(Stored entries)
↓↓↓

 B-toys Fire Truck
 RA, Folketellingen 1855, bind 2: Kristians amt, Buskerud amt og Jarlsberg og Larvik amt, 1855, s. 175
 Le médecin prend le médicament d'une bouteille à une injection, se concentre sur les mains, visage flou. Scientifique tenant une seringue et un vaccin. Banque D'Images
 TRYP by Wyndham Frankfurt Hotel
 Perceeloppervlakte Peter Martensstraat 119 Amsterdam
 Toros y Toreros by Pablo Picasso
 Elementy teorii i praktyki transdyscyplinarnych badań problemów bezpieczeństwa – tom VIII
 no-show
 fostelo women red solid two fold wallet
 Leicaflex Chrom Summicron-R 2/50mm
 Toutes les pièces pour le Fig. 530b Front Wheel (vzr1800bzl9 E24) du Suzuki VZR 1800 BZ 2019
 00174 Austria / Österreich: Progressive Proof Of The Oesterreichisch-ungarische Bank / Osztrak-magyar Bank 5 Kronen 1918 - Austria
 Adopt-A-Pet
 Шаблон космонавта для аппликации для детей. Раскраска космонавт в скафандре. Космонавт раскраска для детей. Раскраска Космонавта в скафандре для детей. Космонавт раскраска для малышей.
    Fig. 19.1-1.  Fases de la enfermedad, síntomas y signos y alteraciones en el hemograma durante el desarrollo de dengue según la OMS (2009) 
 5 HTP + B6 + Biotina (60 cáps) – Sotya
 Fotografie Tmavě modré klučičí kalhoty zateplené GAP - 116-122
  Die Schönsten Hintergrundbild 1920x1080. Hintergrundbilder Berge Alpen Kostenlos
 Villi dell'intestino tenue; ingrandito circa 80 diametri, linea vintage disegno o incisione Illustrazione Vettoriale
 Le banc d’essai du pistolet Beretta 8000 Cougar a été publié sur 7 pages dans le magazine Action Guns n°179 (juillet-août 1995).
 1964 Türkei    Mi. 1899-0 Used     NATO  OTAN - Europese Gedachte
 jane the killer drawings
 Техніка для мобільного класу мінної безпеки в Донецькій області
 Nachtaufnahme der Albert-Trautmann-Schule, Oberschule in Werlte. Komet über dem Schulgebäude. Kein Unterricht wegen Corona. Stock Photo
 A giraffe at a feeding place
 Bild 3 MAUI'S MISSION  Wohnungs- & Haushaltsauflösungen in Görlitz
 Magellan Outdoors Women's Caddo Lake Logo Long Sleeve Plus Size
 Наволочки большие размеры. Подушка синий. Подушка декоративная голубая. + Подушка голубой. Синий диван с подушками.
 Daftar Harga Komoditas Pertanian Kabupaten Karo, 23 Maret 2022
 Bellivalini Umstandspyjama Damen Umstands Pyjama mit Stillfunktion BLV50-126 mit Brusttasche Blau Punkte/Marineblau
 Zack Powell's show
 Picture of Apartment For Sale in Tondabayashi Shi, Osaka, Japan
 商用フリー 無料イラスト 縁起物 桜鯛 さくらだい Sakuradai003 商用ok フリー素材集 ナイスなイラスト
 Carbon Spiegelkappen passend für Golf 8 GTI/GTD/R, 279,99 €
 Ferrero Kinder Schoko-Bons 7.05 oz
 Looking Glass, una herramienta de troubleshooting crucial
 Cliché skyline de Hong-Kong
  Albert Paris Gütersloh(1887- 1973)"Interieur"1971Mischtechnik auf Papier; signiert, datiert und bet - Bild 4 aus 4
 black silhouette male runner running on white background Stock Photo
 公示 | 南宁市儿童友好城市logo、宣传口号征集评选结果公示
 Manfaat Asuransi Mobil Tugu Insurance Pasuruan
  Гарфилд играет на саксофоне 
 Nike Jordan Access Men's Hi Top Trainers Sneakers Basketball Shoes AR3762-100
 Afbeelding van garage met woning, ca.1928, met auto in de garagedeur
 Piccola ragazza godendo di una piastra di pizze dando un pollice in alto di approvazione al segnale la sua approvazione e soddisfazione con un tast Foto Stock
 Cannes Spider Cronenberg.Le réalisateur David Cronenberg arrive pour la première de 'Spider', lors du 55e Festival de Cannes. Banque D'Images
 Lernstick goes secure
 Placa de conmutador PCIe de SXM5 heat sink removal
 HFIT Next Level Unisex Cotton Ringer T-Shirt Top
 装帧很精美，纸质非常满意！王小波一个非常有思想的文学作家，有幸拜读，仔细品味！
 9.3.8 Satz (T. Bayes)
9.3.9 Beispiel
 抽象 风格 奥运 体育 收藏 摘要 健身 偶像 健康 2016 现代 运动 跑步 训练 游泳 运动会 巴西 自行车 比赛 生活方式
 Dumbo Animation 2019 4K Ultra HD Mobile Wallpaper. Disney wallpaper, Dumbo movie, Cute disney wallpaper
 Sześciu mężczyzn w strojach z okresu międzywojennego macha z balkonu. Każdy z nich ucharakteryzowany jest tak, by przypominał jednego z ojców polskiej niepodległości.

↑↑↑

Exercise - Among the entries above, the lines between the ones containing "Bild 4 aus 4" and "Dumbo Animation 2019", inclusive, are to be transcribed exactly. No other line is to be given.

Result for this exercise -
  Albert Paris Gütersloh(1887- 1973)"Interieur"1971Mischtechnik auf Papier; signiert, datiert und bet - Bild 4 aus 4
 black silhouette male runner running on white background Stock Photo
 公示 | 南宁市儿童友好城市logo、宣传口号征集评选结果公示
 Manfaat Asuransi Mobil Tugu Insurance Pasuruan
  Гарфилд играет на саксофоне 
 Nike Jordan Access Men's Hi Top Trainers Sneakers Basketball Shoes AR3762-100
 Afbeelding van garage met woning, ca.1928, met auto in de garagedeur
 Piccola ragazza godendo di una piastra di pizze dando un pollice in alto di approvazione al segnale la sua approvazione e soddisfazione con un tast Foto Stock
 Cannes Spider Cronenberg.Le réalisateur David Cronenberg arrive pour la première de 'Spider', lors du 55e Festival de Cannes. Banque D'Images
 Lernstick goes secure
 Placa de conmutador PCIe de SXM5 heat sink removal
 HFIT Next Level Unisex Cotton Ringer T-Shirt Top
 装帧很精美，纸质非常满意！王小波一个非常有思想的文学作家，有幸拜读，仔细品味！
 9.3.8 Satz (T. Bayes)
9.3.9 Beispiel
 抽象 风格 奥运 体育 收藏 摘要 健身 偶像 健康 2016 现代 运动 跑步 训练 游泳 运动会 巴西 自行车 比赛 生活方式
 Dumbo Animation 2019 4K Ultra HD Mobile Wallpaper. Disney wallpaper, Dumbo movie, Cute disney wallpaper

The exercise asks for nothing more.